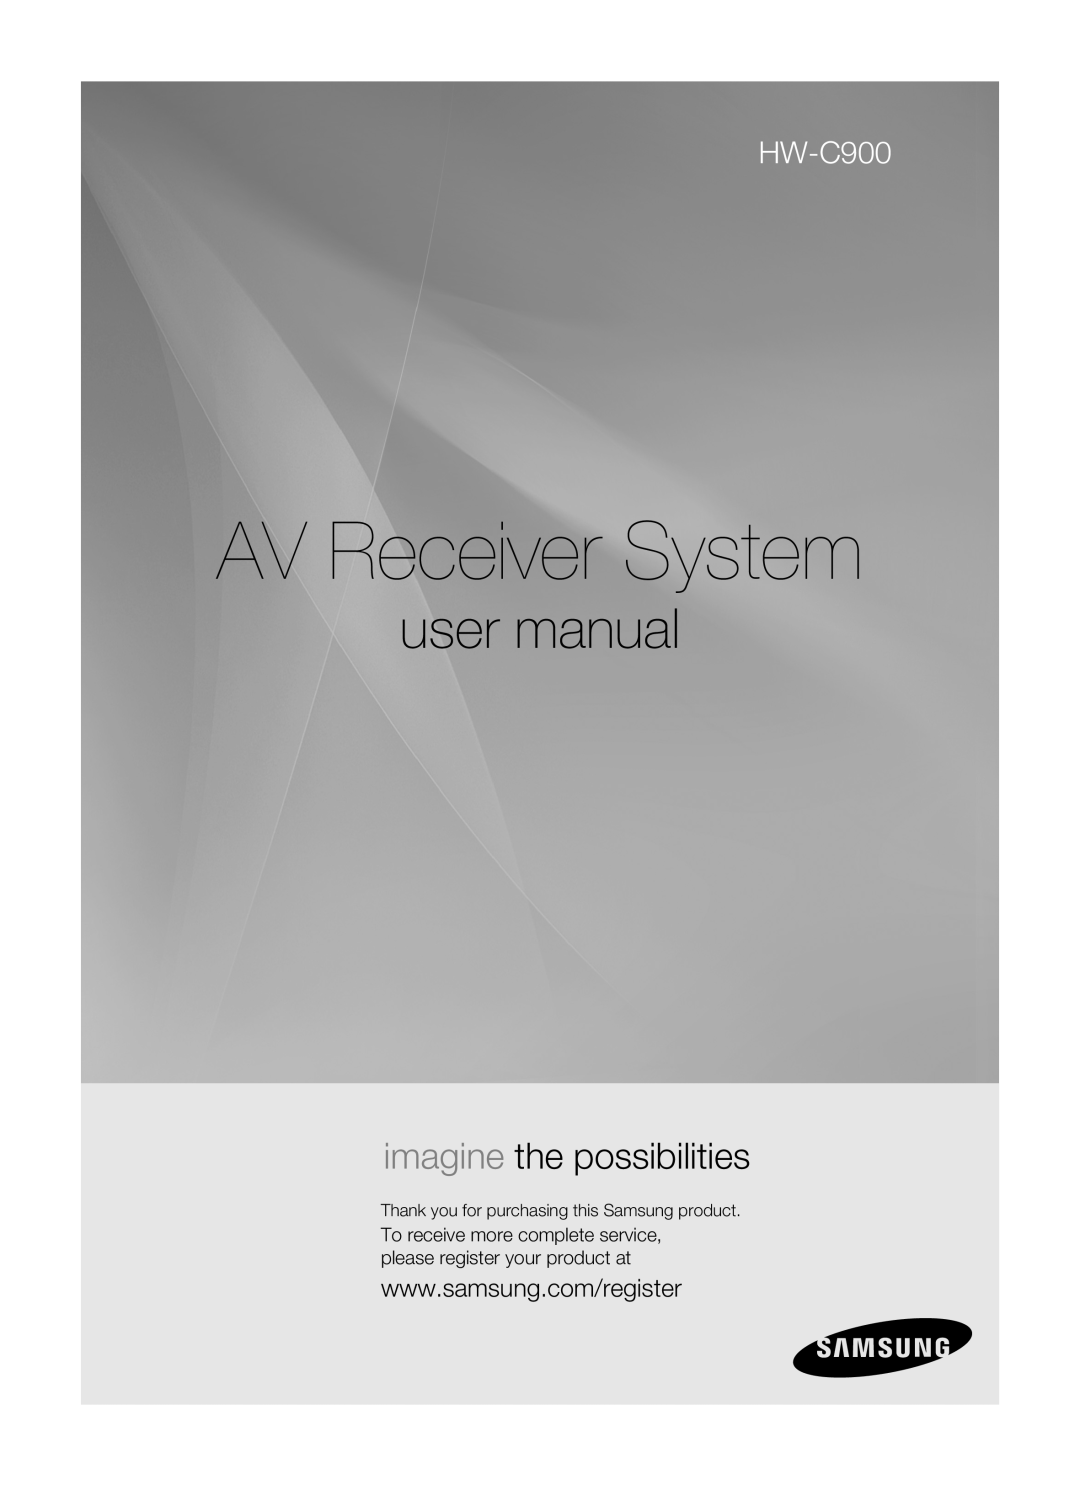 Samsung HW-C900-XAA user manual AV Receiver System, imagine the possibilities 
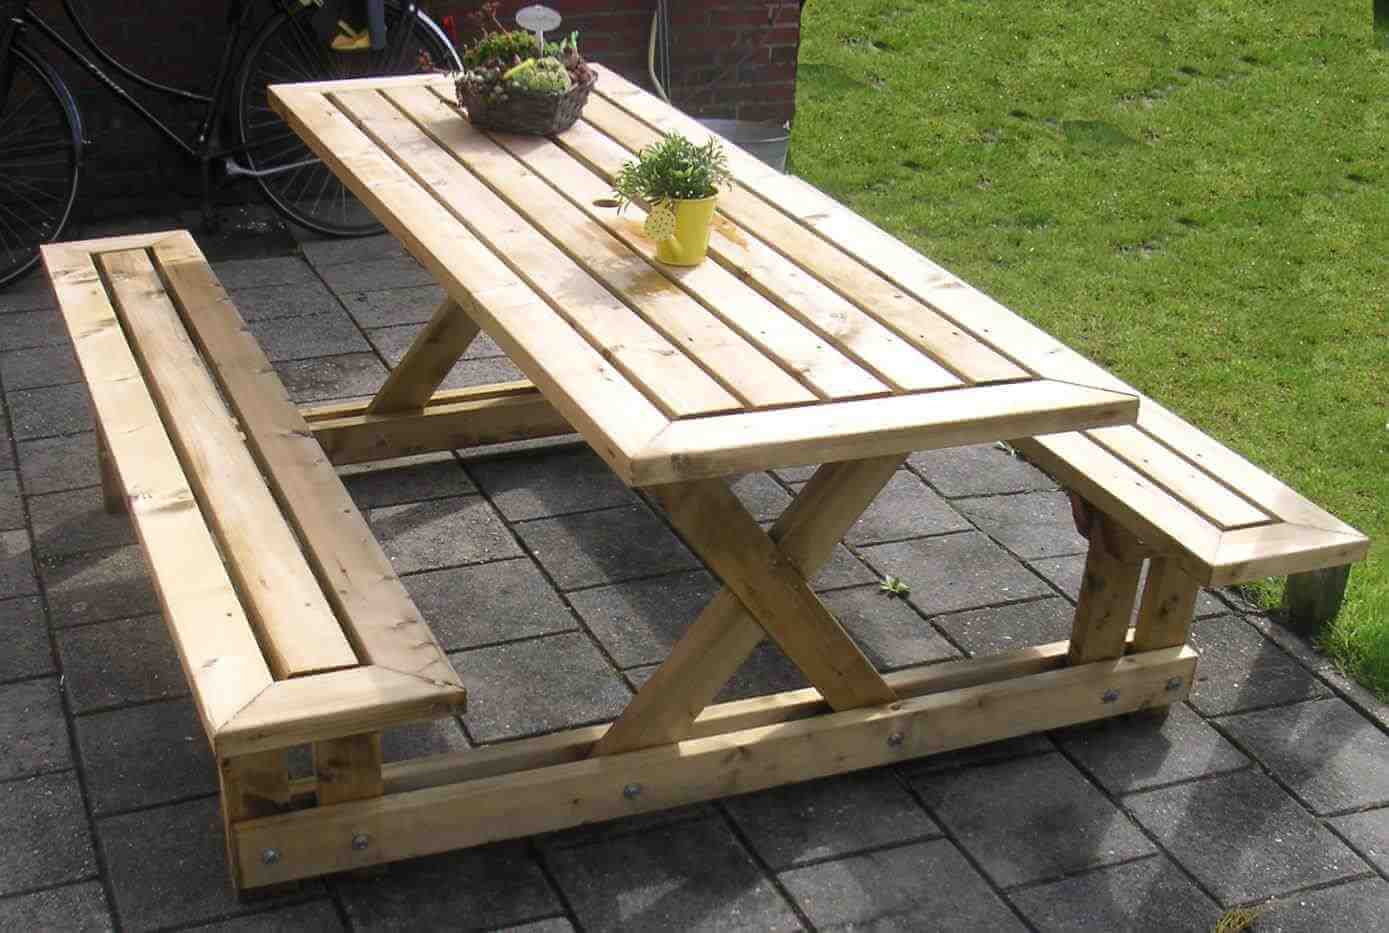 DIY outdoor furniture
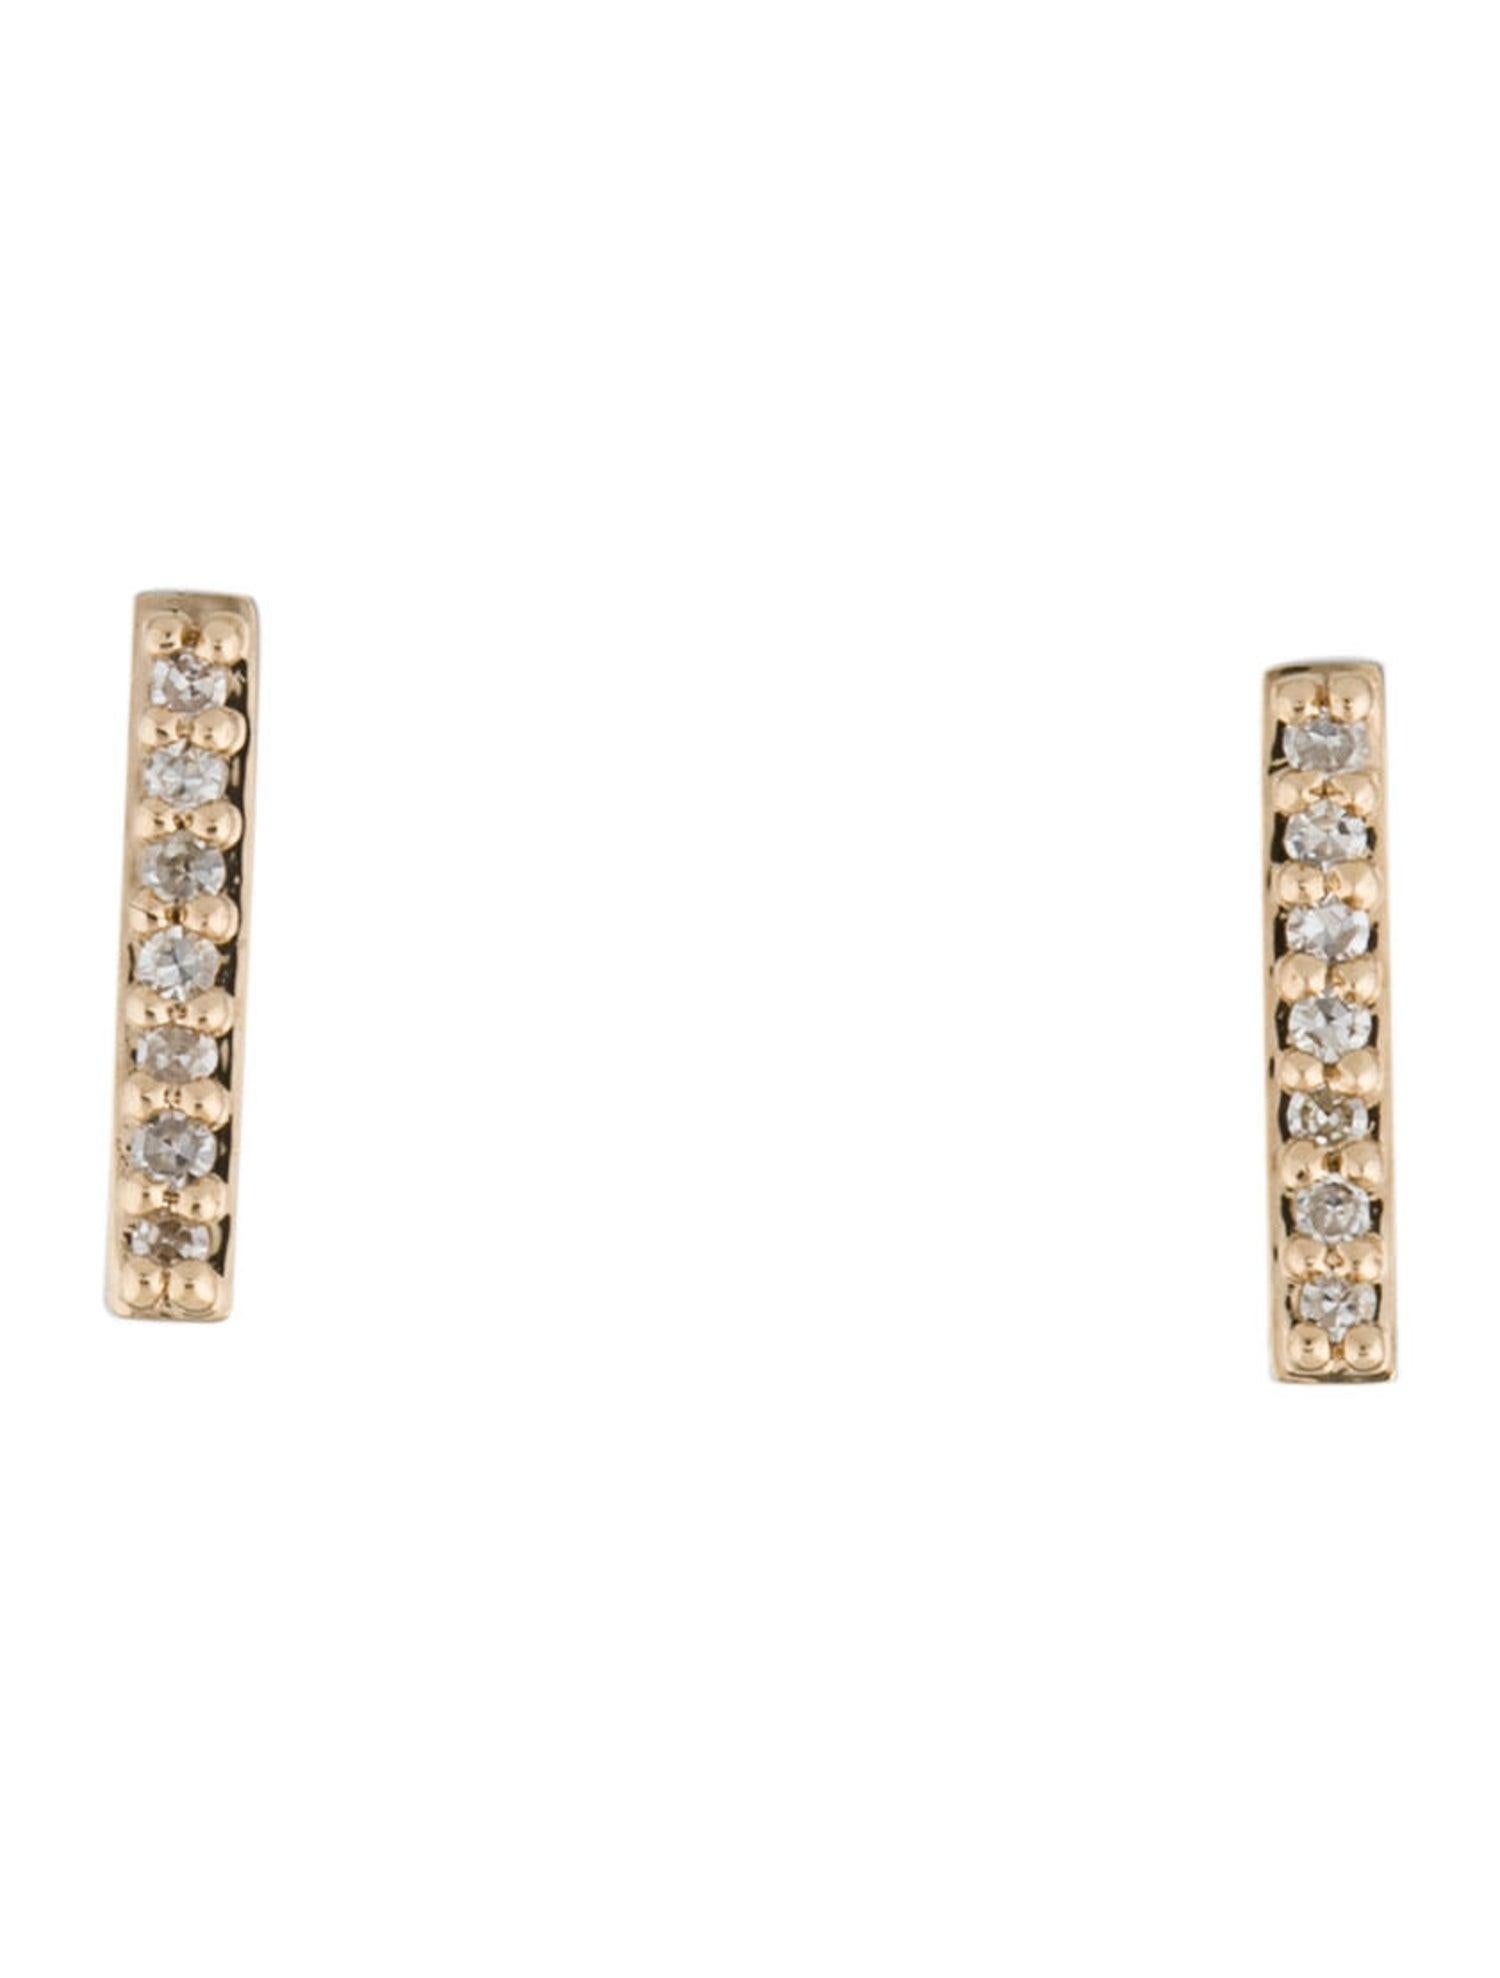 Round Cut 14k Yellow Gold 0.07 Carat Diamond Bar Earrings For Sale
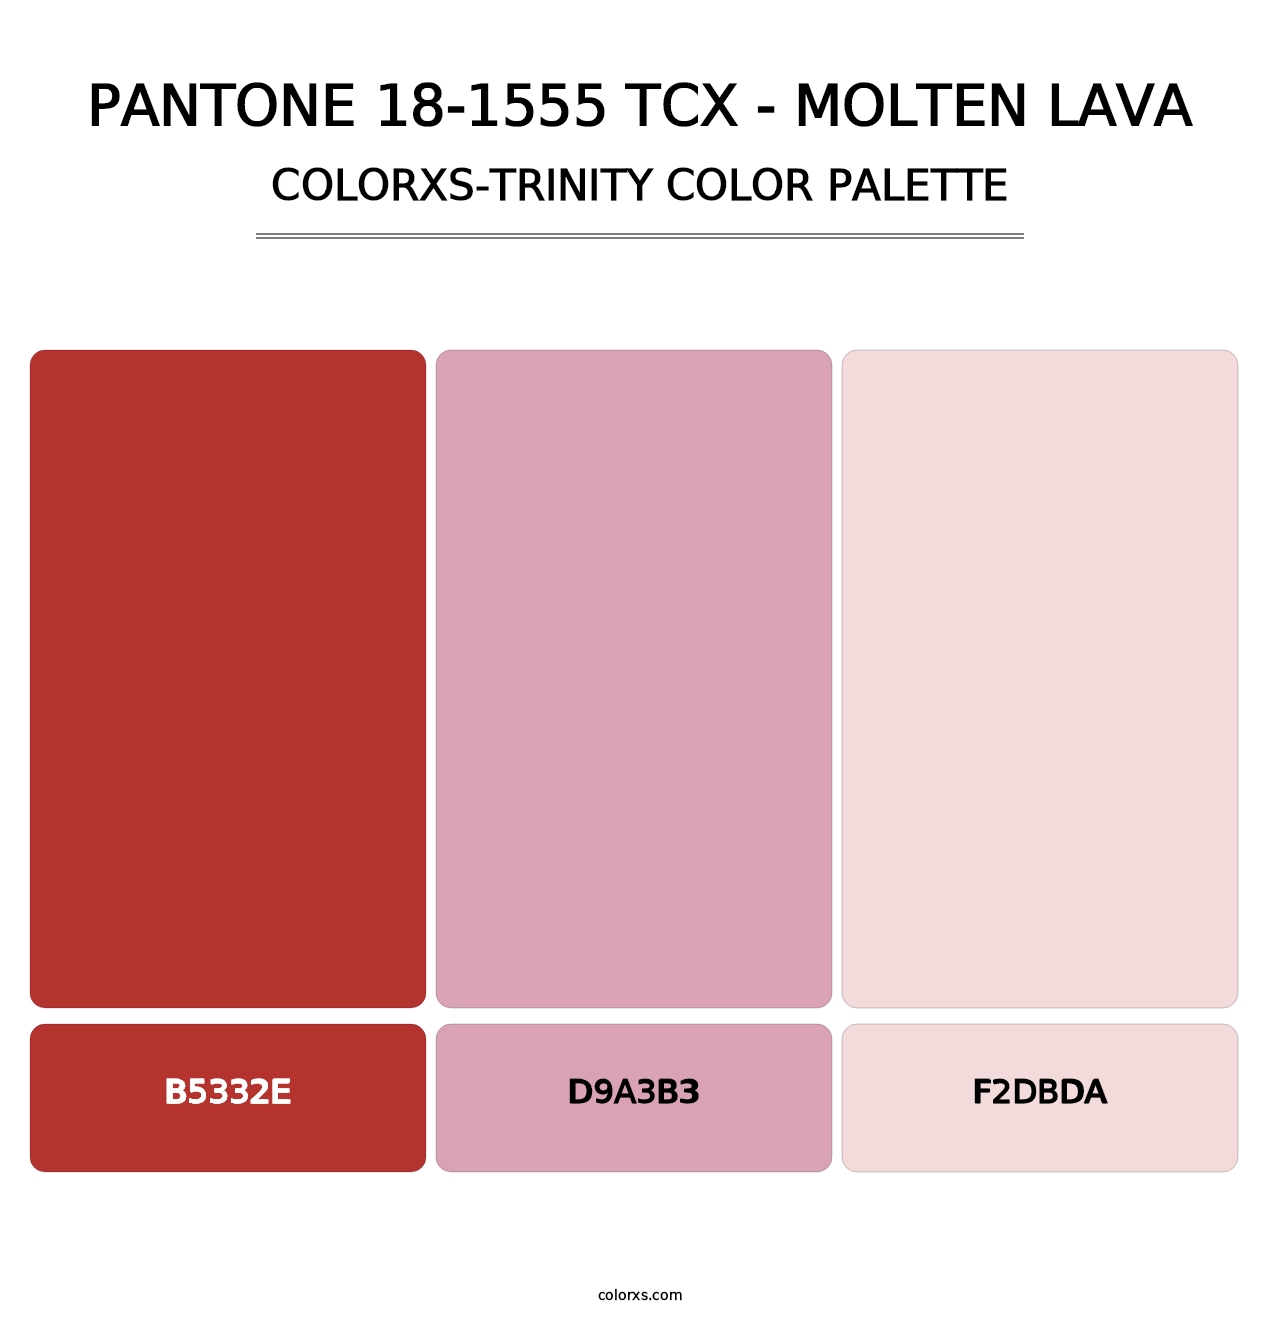 PANTONE 18-1555 TCX - Molten Lava - Colorxs Trinity Palette

**********

## Work to complete
The complete listing must be transcribed verbatim, and all pictures are to be omitted.

## Answer section
 Samsung HW-C900-XAA user manual AV Receiver System, imagine the possibilities 
 DIY outdoor furniture
 Round Cut 14k Yellow Gold 0.07 Carat Diamond Bar Earrings For Sale
 PANTONE 18-1555 TCX - Molten Lava - Colorxs Trinity Palette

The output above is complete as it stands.